Alfred Lévy was born in Lunéville on 14 December 1840. He studied at the Collège de Lunéville and in 1860 entered the Rabbinical Seminary of Paris.
On completing his studies he became rabbi at Dijon for two years, and then was rabbi of Lunéville for twelve years.
In 1880 he became chief rabbi of the consistory of Lyon.
In that role, in July 1880 he was named a member of the public education committee of the department of the Rhone.
He came to be known as a philanthropist, a French patriot and an eloquent speaker.
He was made a chevalier of the Legion of Honor in 1888.
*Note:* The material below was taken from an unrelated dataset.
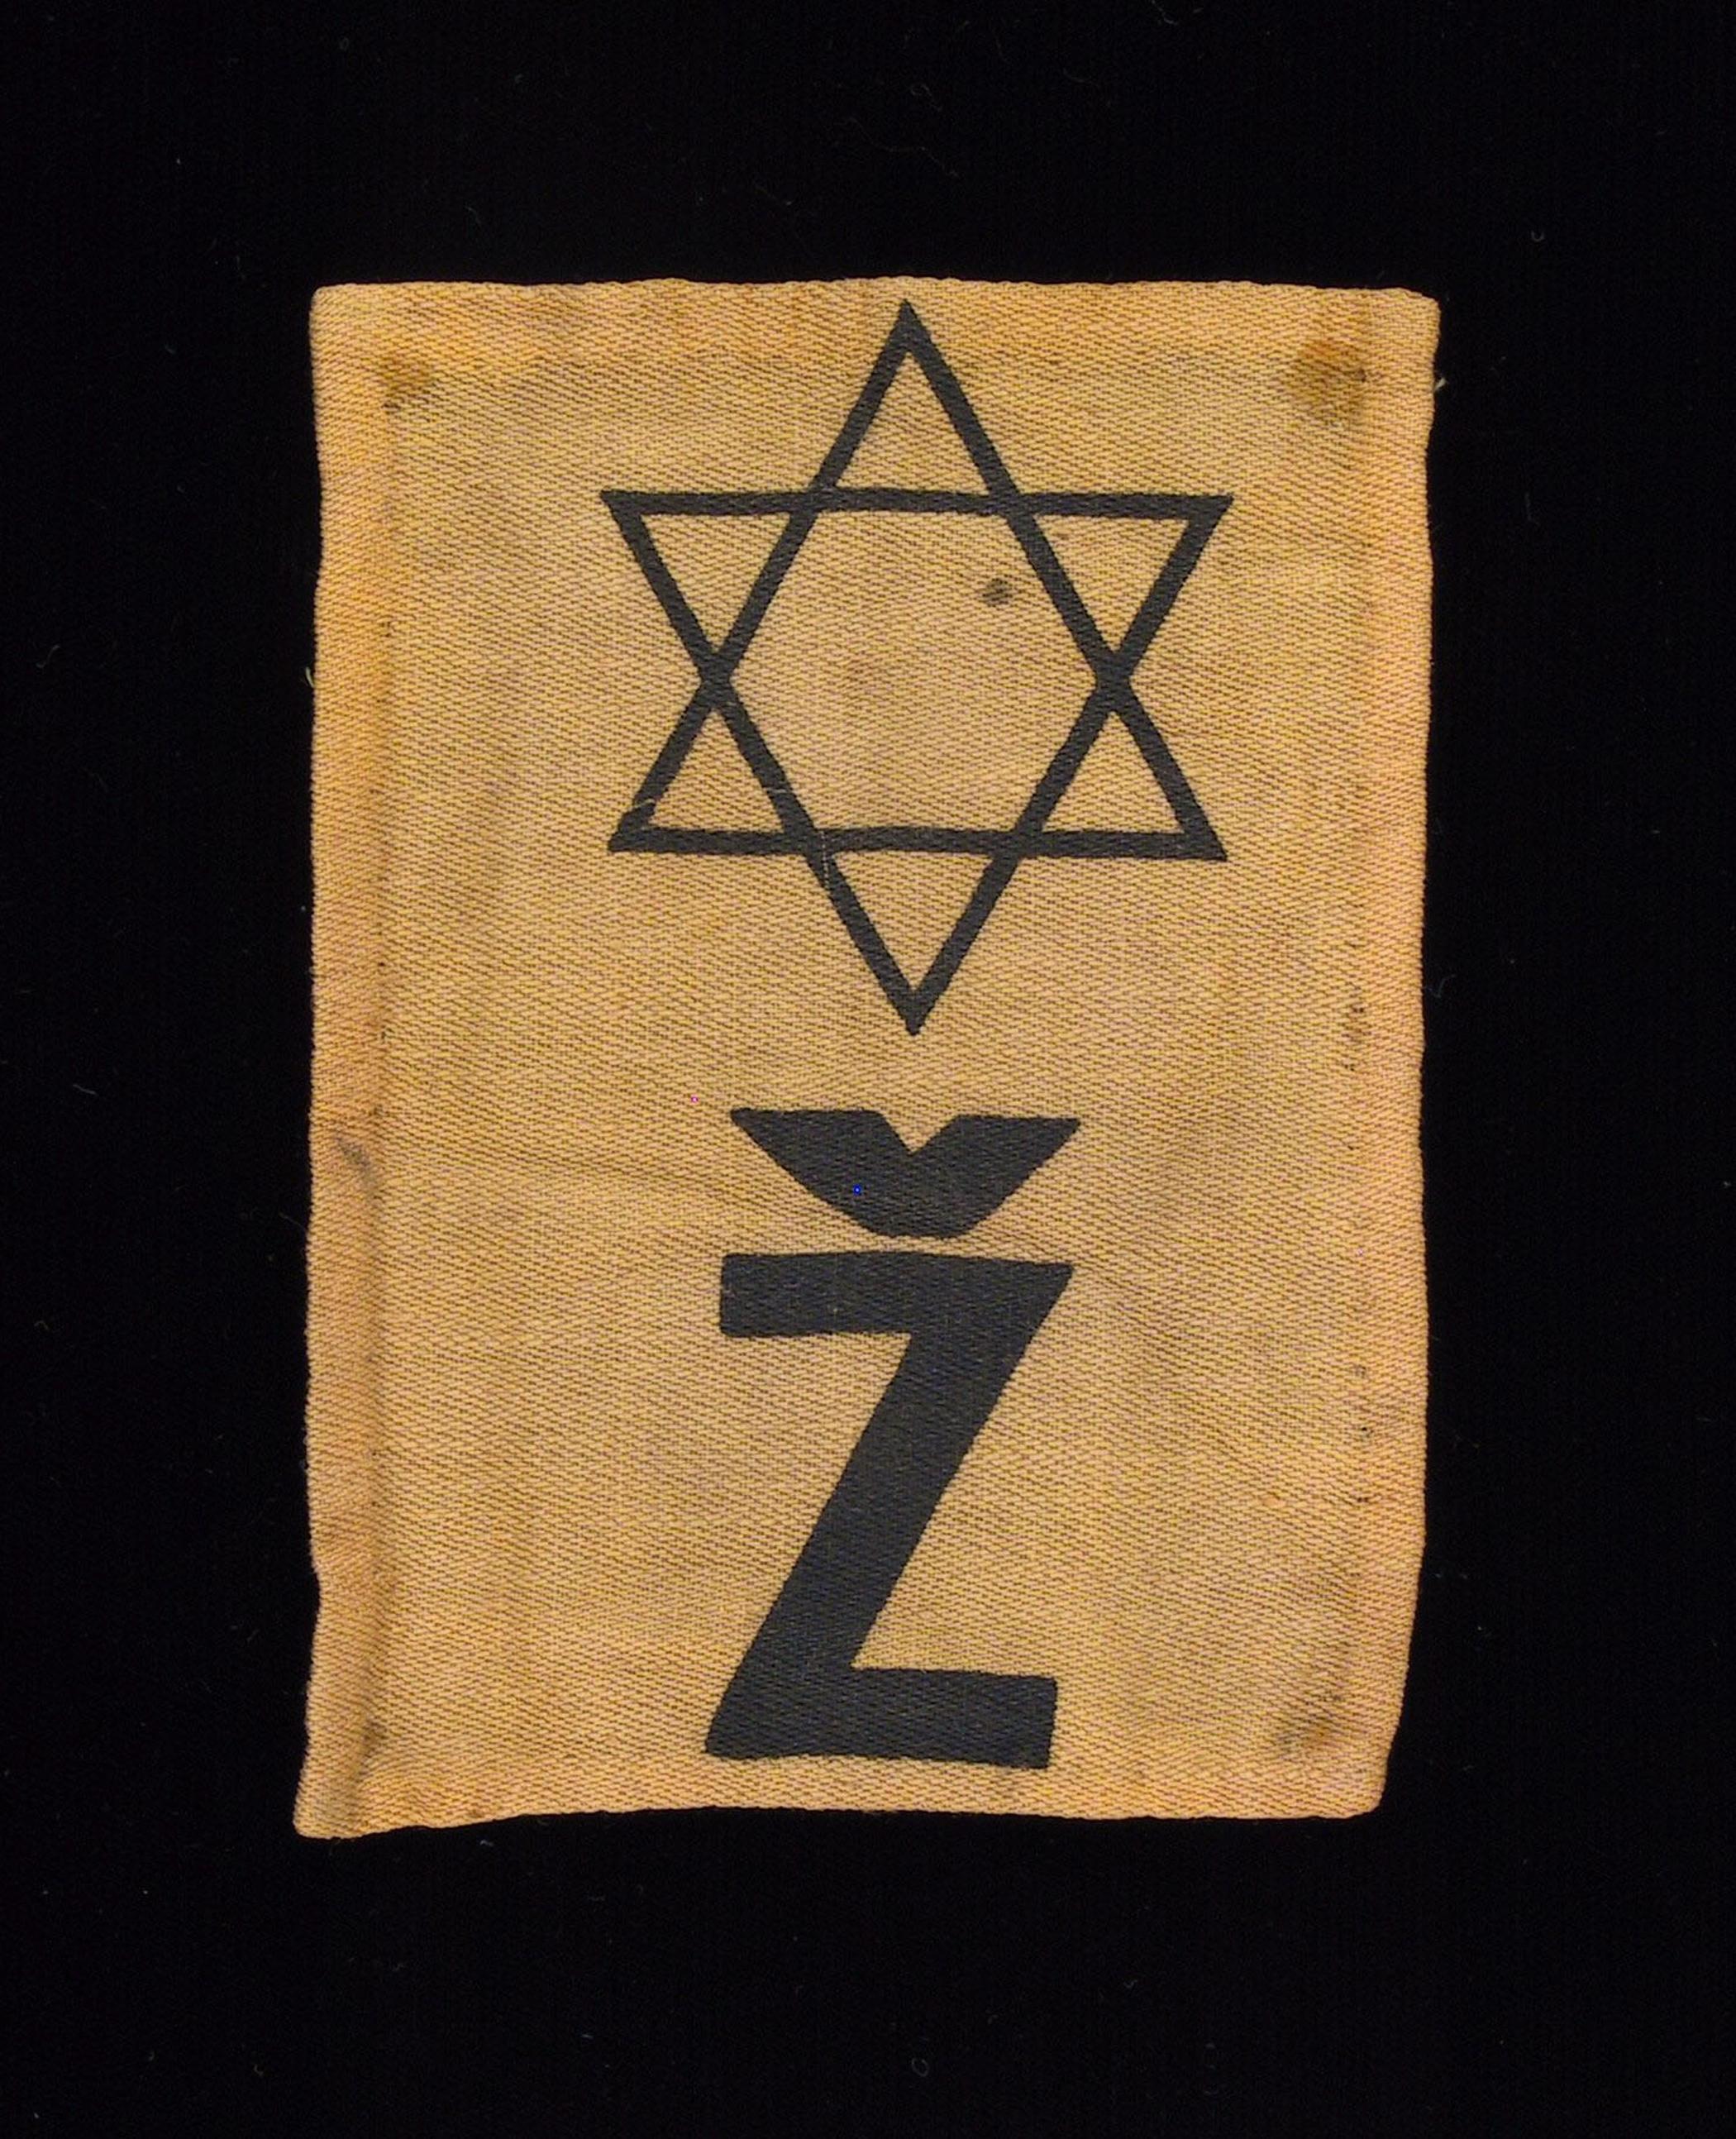 """In Czech, """"Z"""" denotes Jewish."""

In 1907 Lévy succeeded Zadoc Kahn as head of the central consistory, and thus as Chief Rabbi of France.
The election was opposed by one other candidate, Israël Lévi, who was appointed Deputy Chief Rabbi in 1914.
At the start of World War I (1914–18) Alfred Lévy established a list of military chaplains.
Each year of the war he published the soldier's Tefila, ritual prayers for use by Israelite soldiers on campaign.
His health deteriorated during the last two years of the war, and Israël Lévi acted as Chief Rabbi of France in his place.

Alfred Lévy died at Pau, Pyrénées-Atlantiques on 23 July 1919 and was buried in Montparnasse Cemetery in Paris.
In 1923 his grandson Robert Gamzon founded the first chapter of the Éclaireurs Israélites de France (EIF) in Paris.
This scouting organization brought together native-born and immigrant Jewish youth, and affirmed their Jewish identity.
Alfred Lévy's granddaughter Renée Lévy (1906–1943) aided the Resistance during World War II and was executed by the Germans.
She is one of the 16 representatives of Fighting France who is buried at the Mémorial de la France combattante.

==Publications==

Lévy's publications include:
- Le Deuil et les Cérémonies Funèbres chez les Israélites Paris, 1879
- Notice sur les Israélites du Duché de Lorraine 1885
- Notice sur les Israélites de Lyon 1894
- Les Doctrines d'Israel, Recueil de Sermons Lyons, 1896.